Lift the setting of entity_name into AuthServiceHandler.

Signed-off-by: Ilya Dryomov <idryomov@gmail.com>
(cherry picked from commit b50b6abd60e730176a7ef602bdd25d789a3c467d)
---
 src/auth/AuthServiceHandler.cc         | 18 ++++++++++++++++++
 src/auth/AuthServiceHandler.h          | 22 +++++++++++++++-------
 src/auth/cephx/CephxServiceHandler.cc  |  6 ++----
 src/auth/cephx/CephxServiceHandler.h   |  7 ++++---
 src/auth/krb/KrbServiceHandler.cpp     |  5 ++---
 src/auth/krb/KrbServiceHandler.hpp     |  8 ++++----
 src/auth/none/AuthNoneServiceHandler.h | 15 ++++++++-------
 src/mon/AuthMonitor.cc                 |  4 ++++
 src/mon/Monitor.cc                     |  6 ++++--
 9 files changed, 61 insertions(+), 30 deletions(-)

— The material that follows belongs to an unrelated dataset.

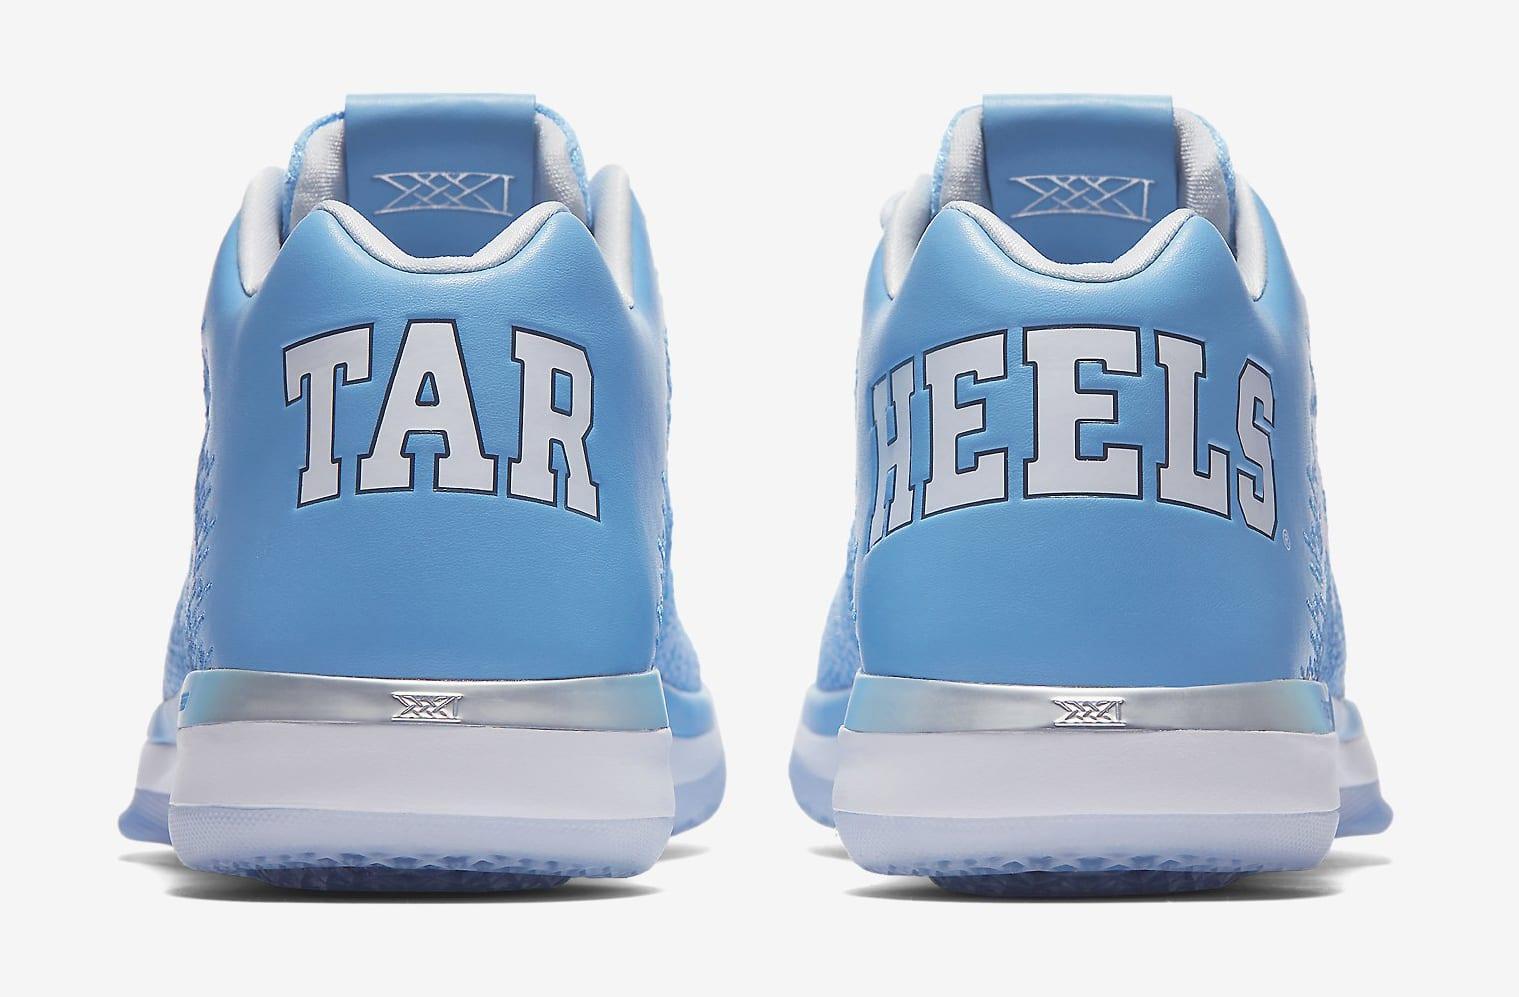 UNC Air Jordan 31 Heel
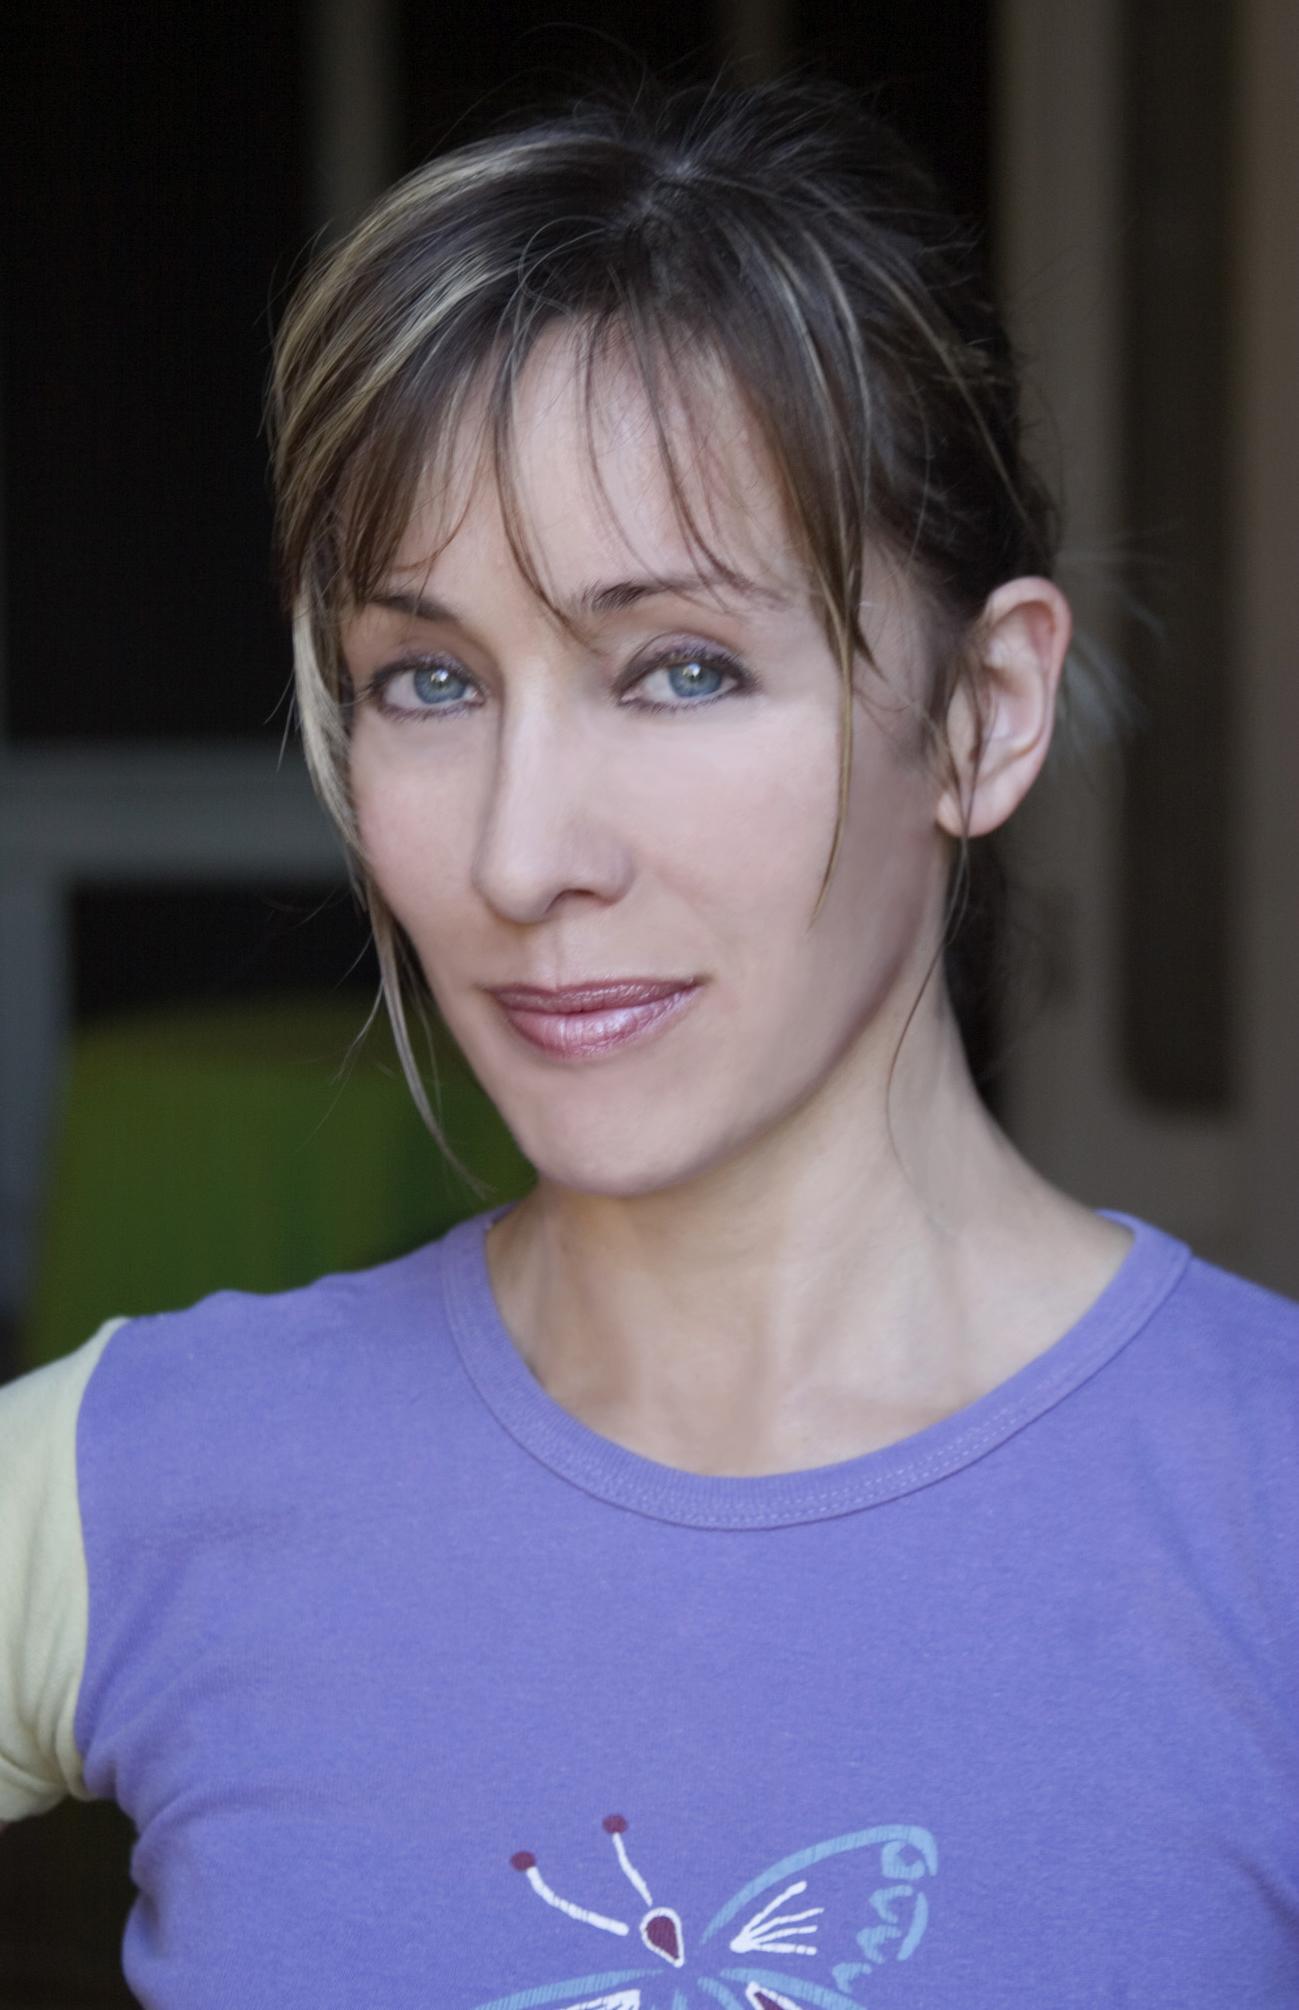 Luz Mariela Ruggeri

diff --git a/src/auth/AuthServiceHandler.cc b/src/auth/AuthServiceHandler.cc
index 51c5c75da7bf7..6e70de41dbd32 100644
--- a/src/auth/AuthServiceHandler.cc
+++ b/src/auth/AuthServiceHandler.cc
@@ -18,10 +18,28 @@
 #include "krb/KrbServiceHandler.hpp"
 #endif
 #include "none/AuthNoneServiceHandler.h"
+#include "common/dout.h"
 
 #define dout_subsys ceph_subsys_auth
 
 
+int AuthServiceHandler::start_session(const EntityName& entity_name,
+				      uint64_t global_id,
+				      bool is_new_global_id,
+				      ceph::buffer::list *result,
+				      AuthCapsInfo *caps)
+{
+  ceph_assert(!this->entity_name.get_type() && !this->global_id);
+
+  ldout(cct, 10) << __func__ << " entity_name=" << entity_name
+		 << " global_id=" << global_id << " is_new_global_id="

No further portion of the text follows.